## Task objective
In the data below, begin at the line with "Immagine del PNG" and stop after the line with "India Business Literature"; output those lines exactly and no pictures.

## Records to process
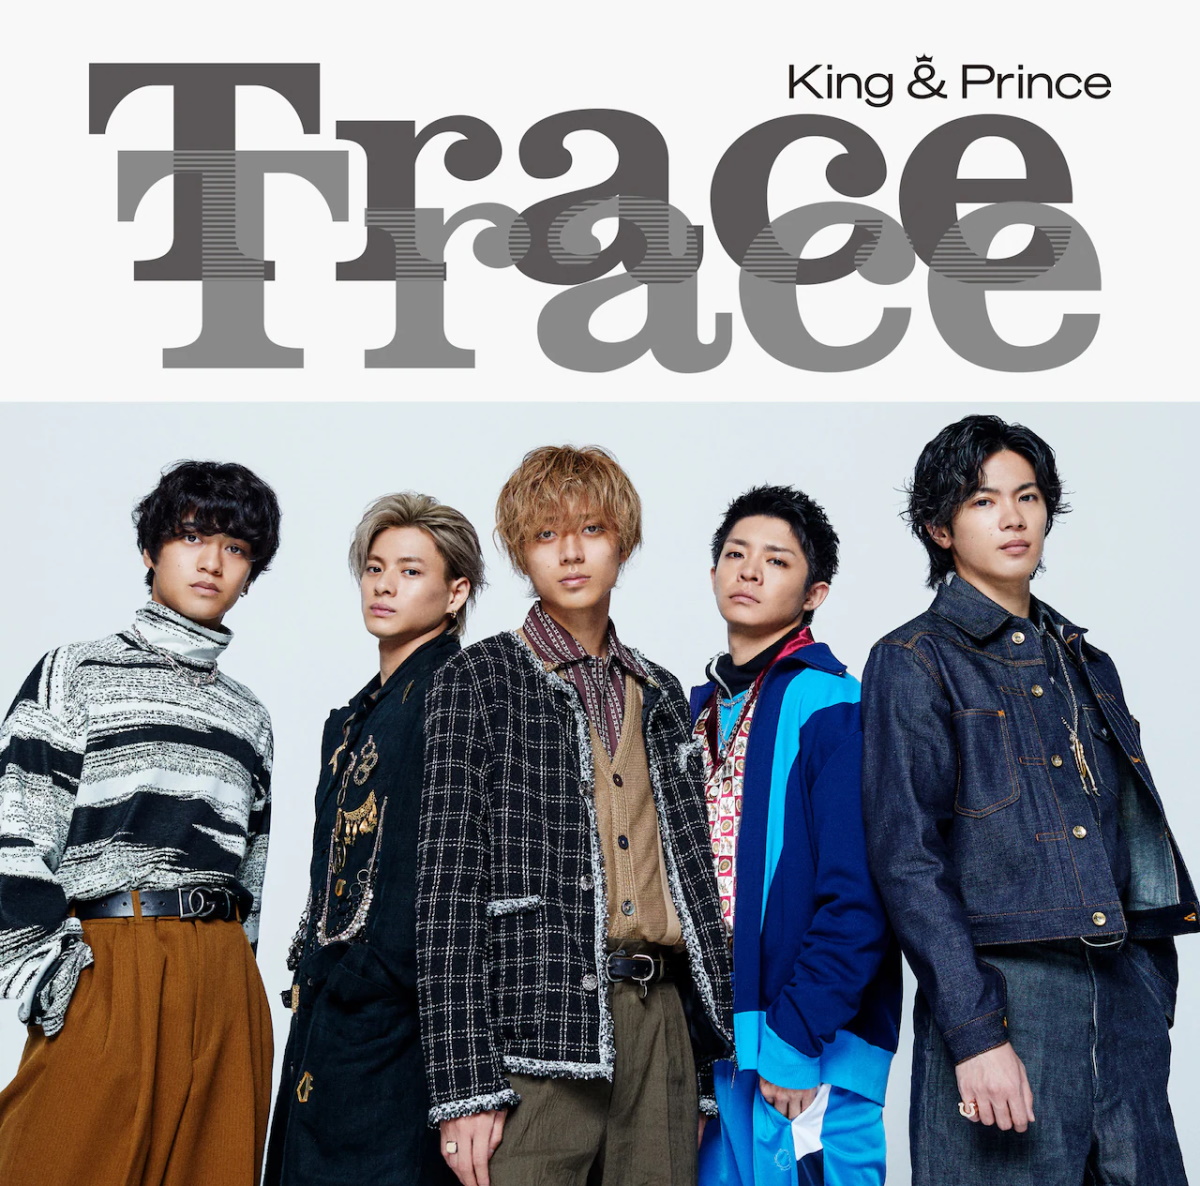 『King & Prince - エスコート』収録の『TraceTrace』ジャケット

==

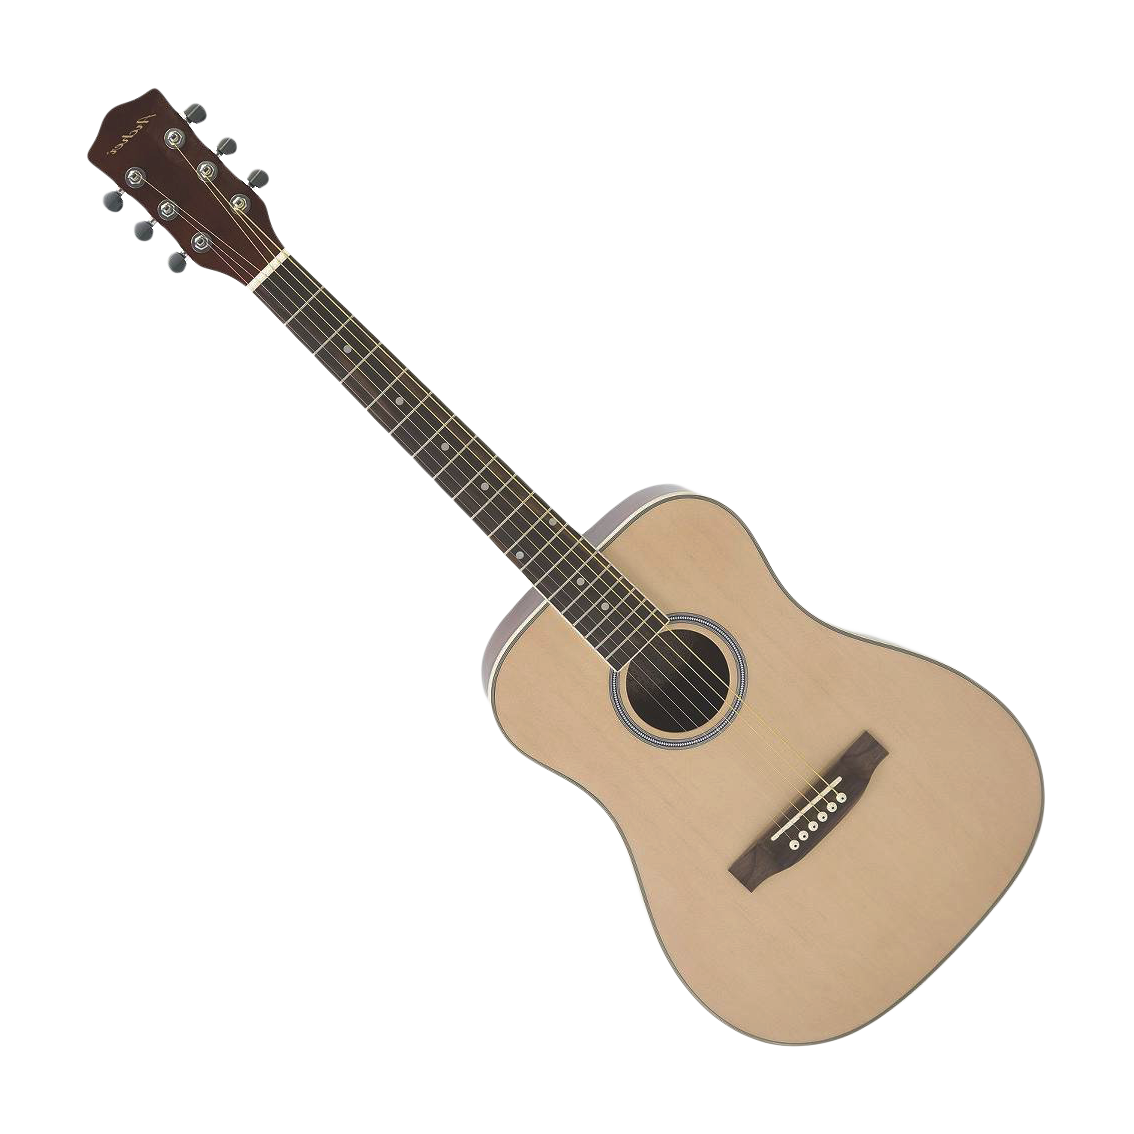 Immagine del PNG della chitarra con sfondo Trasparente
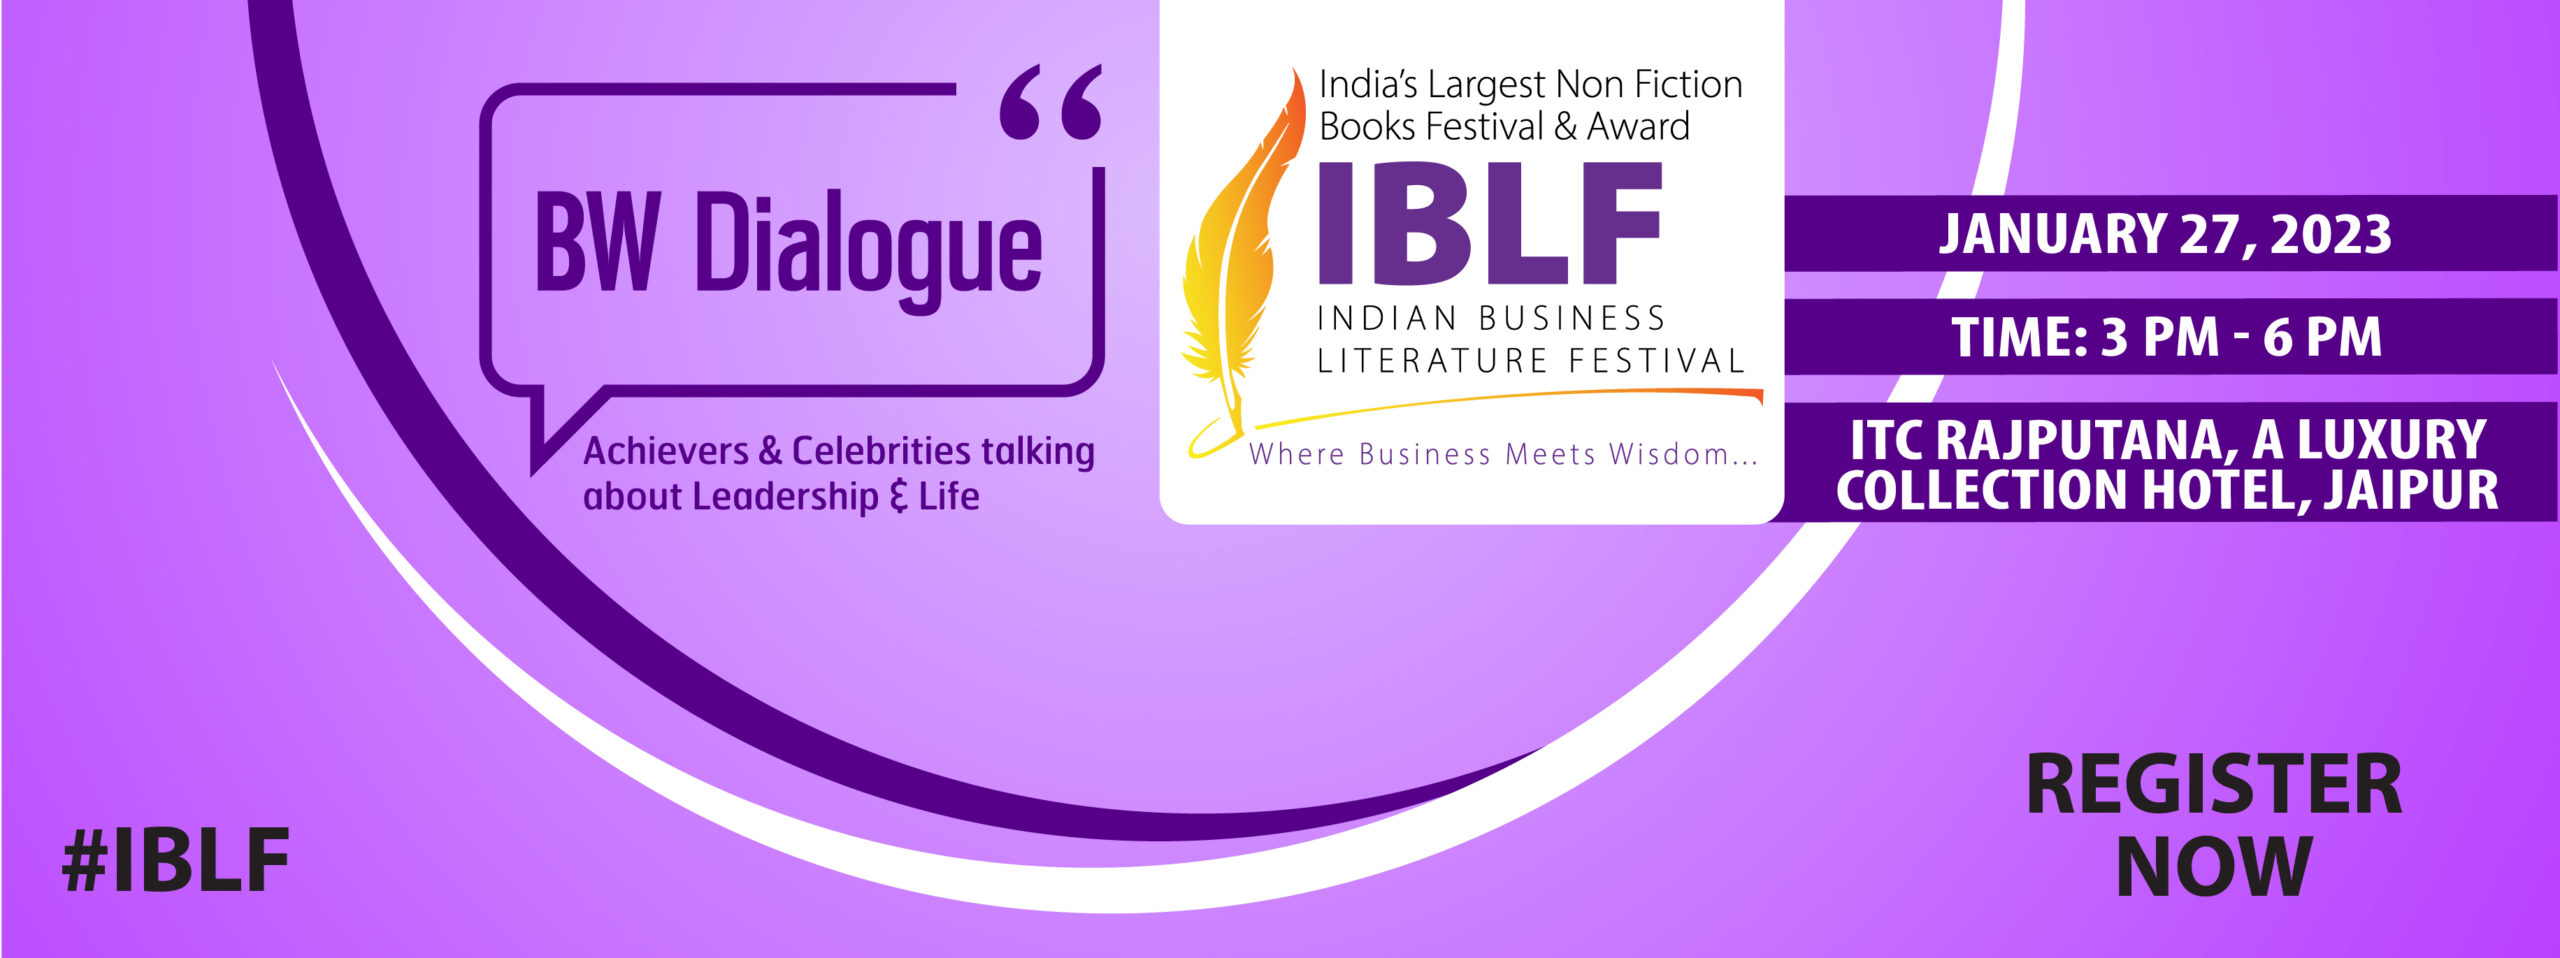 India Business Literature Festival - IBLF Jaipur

## Task response
 Immagine del PNG della chitarra con sfondo Trasparente
 India Business Literature Festival - IBLF Jaipur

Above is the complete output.